Lowe’s Companies bought back 16.8 million shares for $3.1 billion in the quarter, while it paid dividends of $440 million. It also said that all Lowe’s retail locations earned a Winning Together profit-sharing bonus for the fifth straight quarter.
Lowe’s ran approximately 1,970 home improvement and hardware retail locations domestically and in Canada as of the end of April of this year, comprising 208 million square feet of retail selling space and it serviced roughly 230 dealer-owned retail locations.
The news comes as The Home Depot announced its comparable sales for the first quarter of fiscal 2021 soared by 31 percent and comparable sales in the U.S. surged by 29.9 percent from the same period last fiscal year.

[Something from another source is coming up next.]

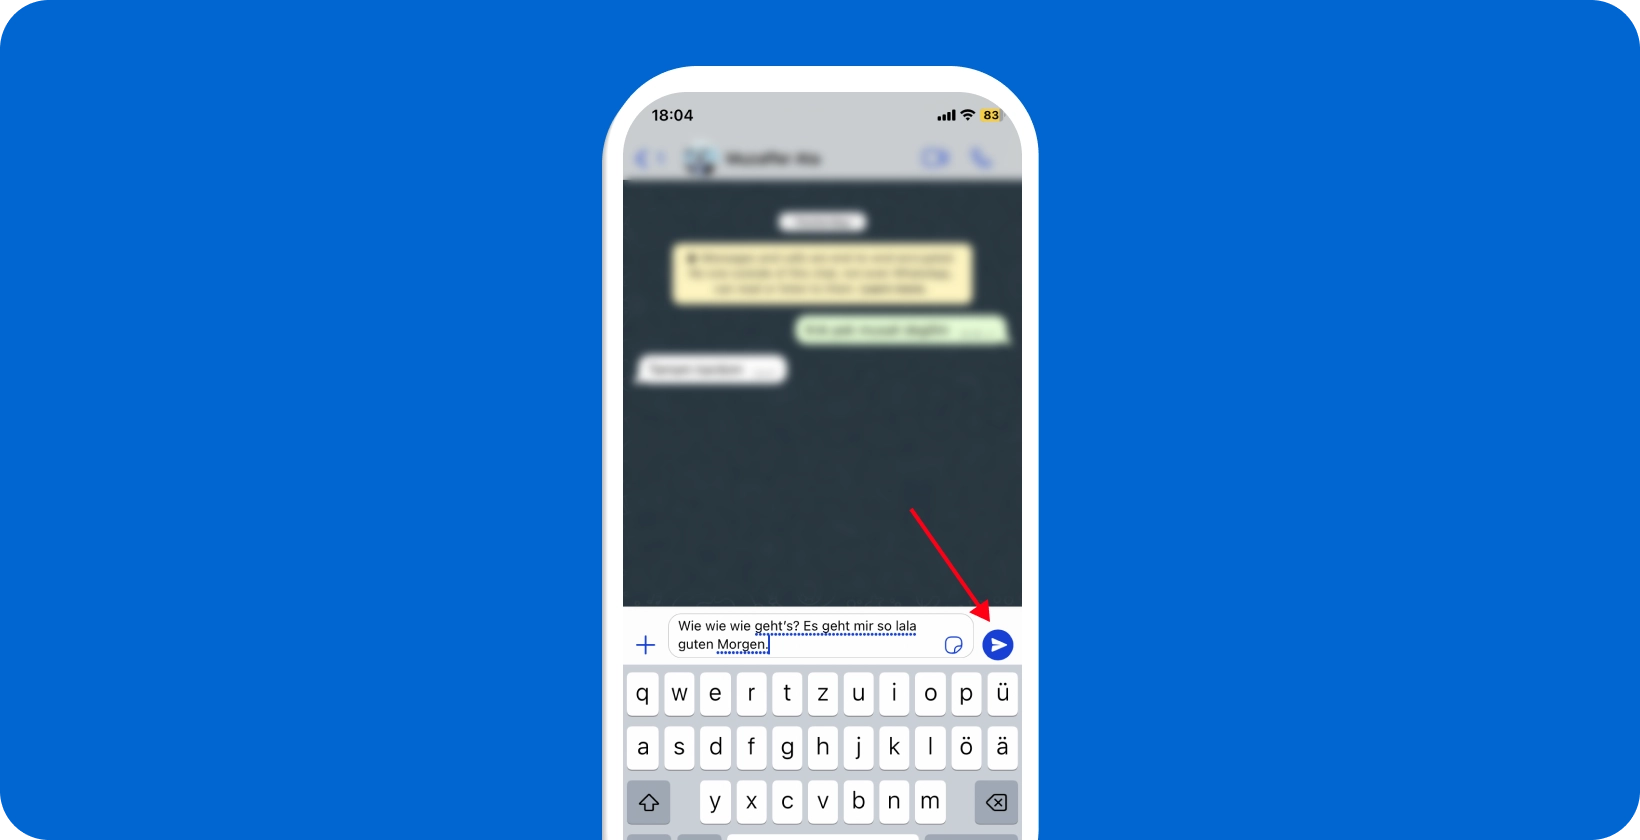 Schermo dello smartphone che mostra la funzione di dettatura vocale di WhatsApp in uso, con un'icona del microfono evidenziata.

“Fiscal 2021 is off to a strong start as we continue to build on the momentum from our strategic investments and effectively manage the unprecedented demand for home improvement projects,” The Home Depot Chairman and CEO Craig Menear announced on Tuesday (May 18).
The Home Depot reported $37.5 billion in sales for the quarter, signifying a 32.7 percent increase from the same quarter last year. It also posted $4.1 billion in net earnings for the quarter, or $3.86 per diluted share, marking a sizable increase from net earnings of $2.2 billion, or $2.08 per diluted share, last year.